#### Assignment
The answer must reproduce exactly the lines from the one with "FINO Foil Scissors, Curved, 110 mm - 1 piece" through the end of the material, and it must contain no pictures.

#### Supplied material
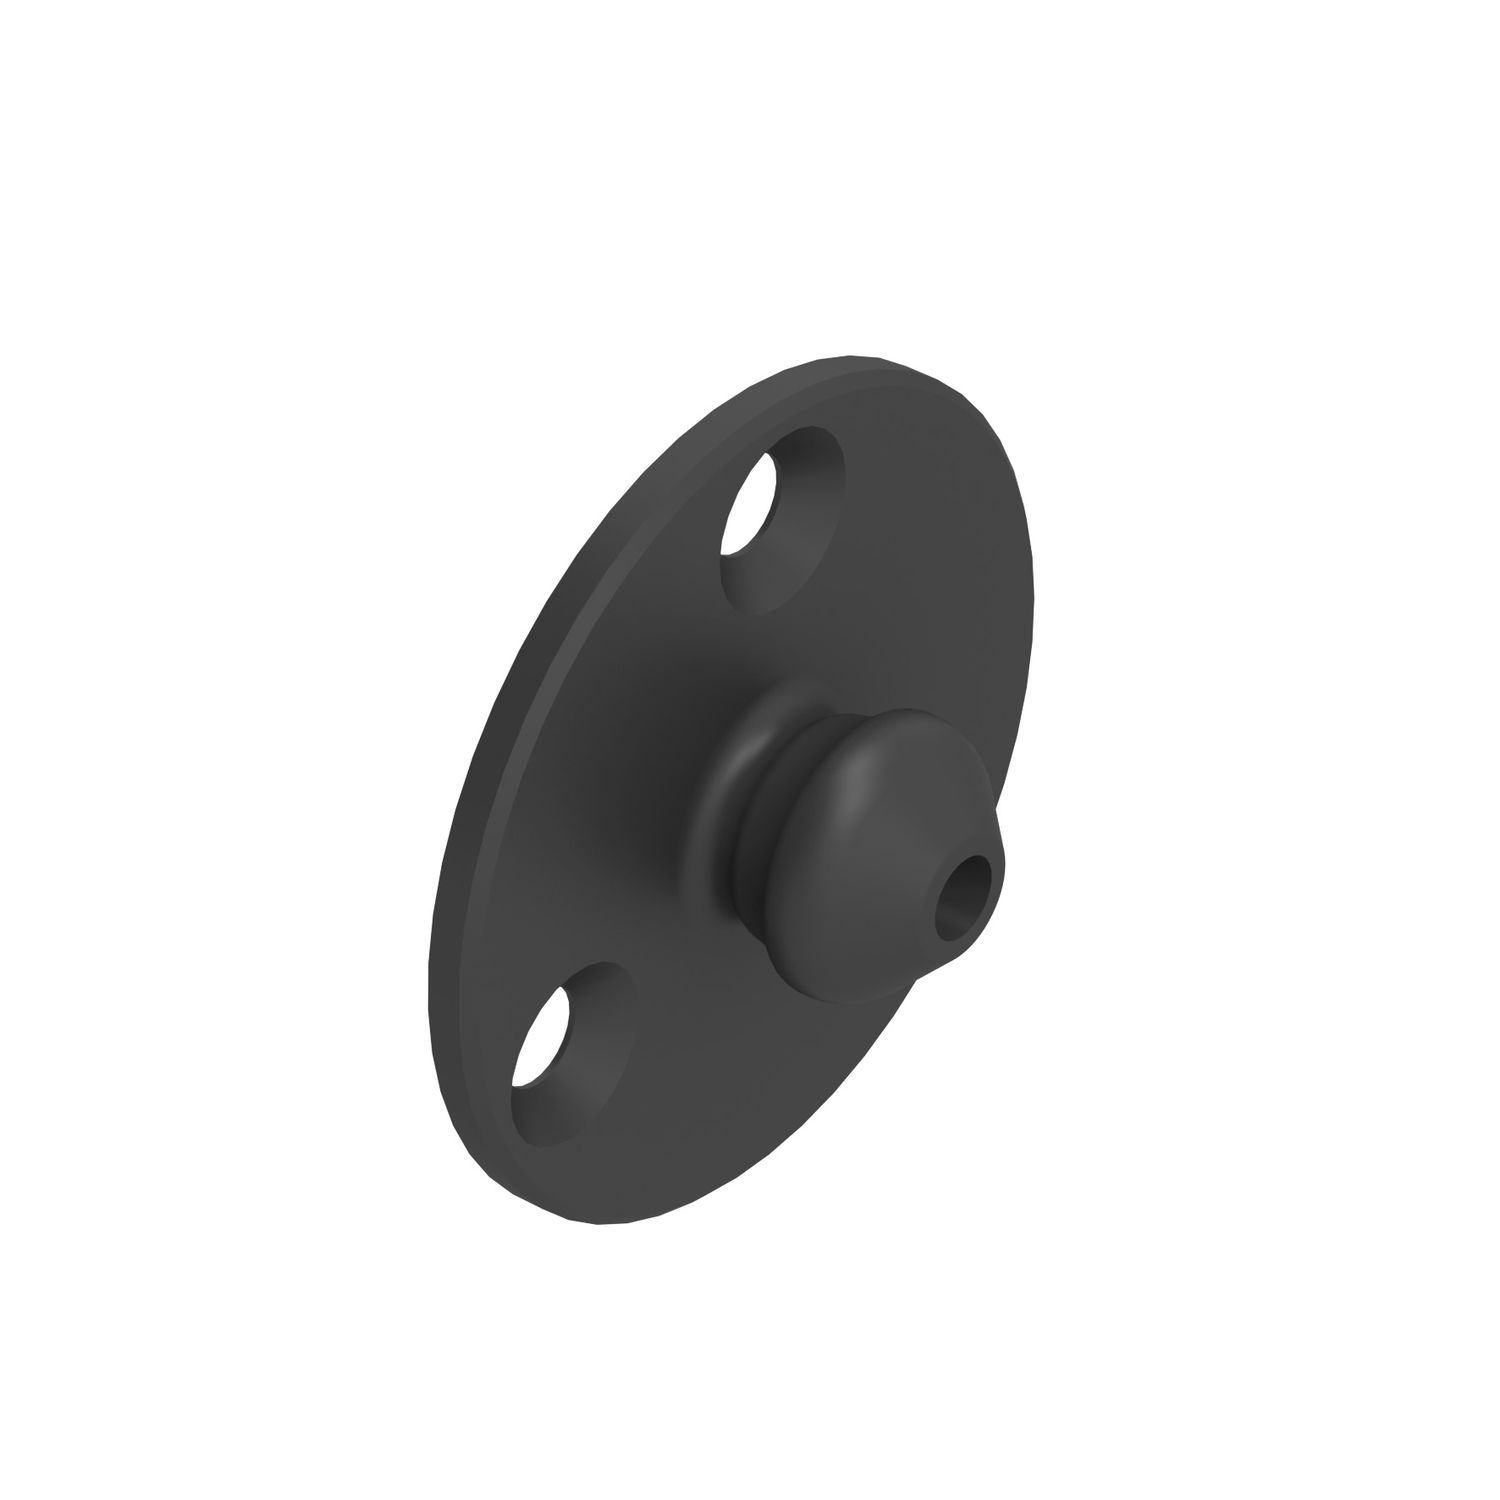 Низкопрофильная накладная клипса типа "папа" усиленная Fastmount LP-SMX для тонких панелей чёрная
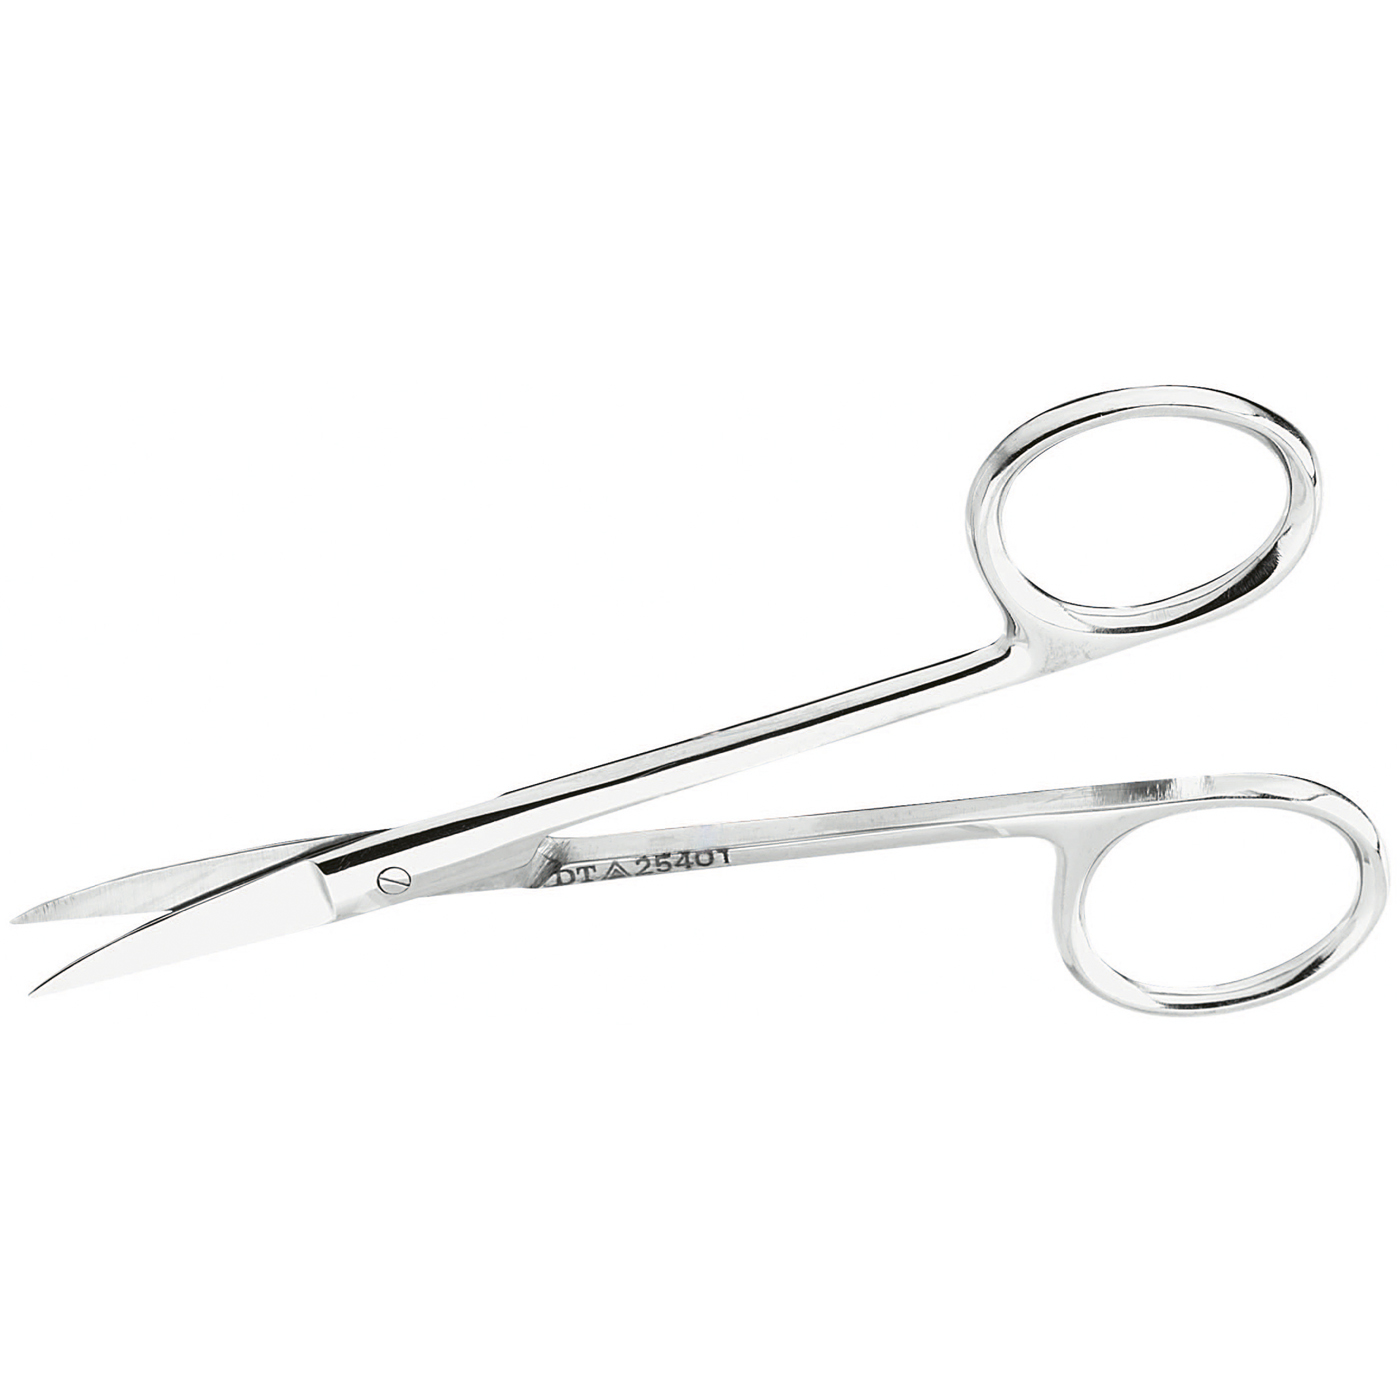 FINO Foil Scissors, Curved, 110 mm - 1 piece
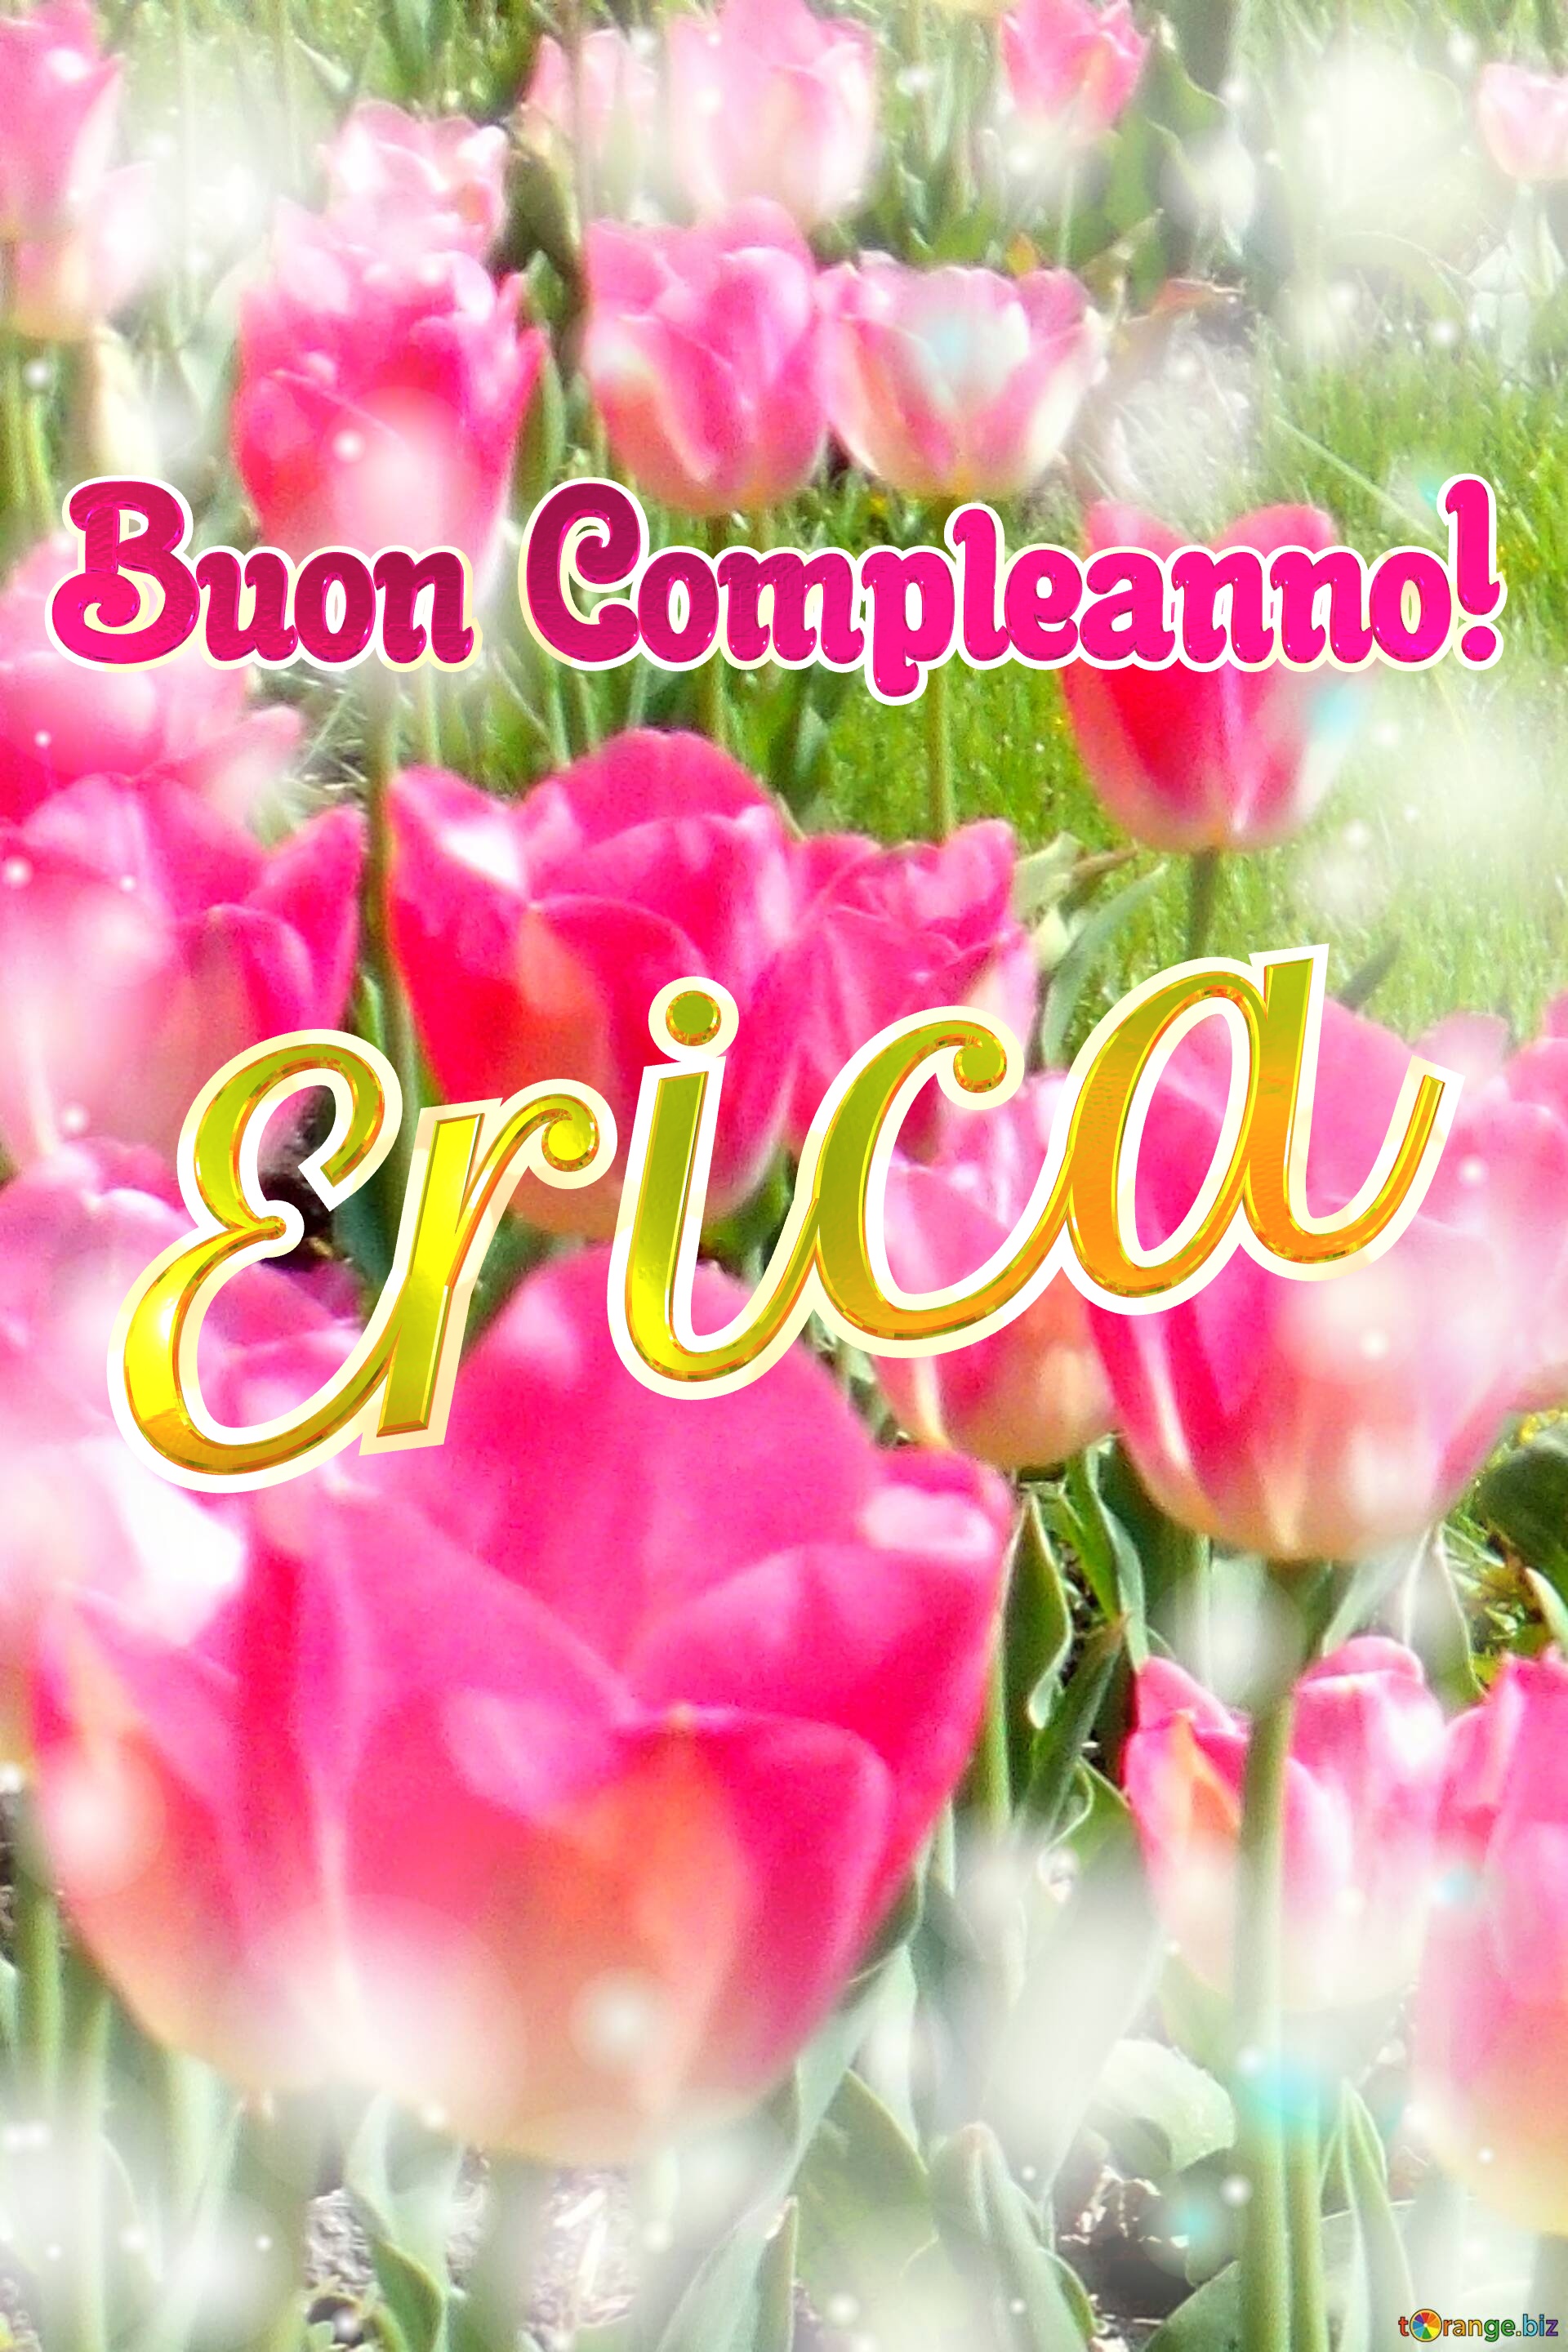 Buon Compleanno! Erica  La bellezza dei tulipani è un richiamo alla speranza, auguri per una vita piena di speranza. №0

#### Exercise output
 FINO Foil Scissors, Curved, 110 mm - 1 piece
 Buon Compleanno! Erica  La bellezza dei tulipani è un richiamo alla speranza, auguri per una vita piena di speranza. №0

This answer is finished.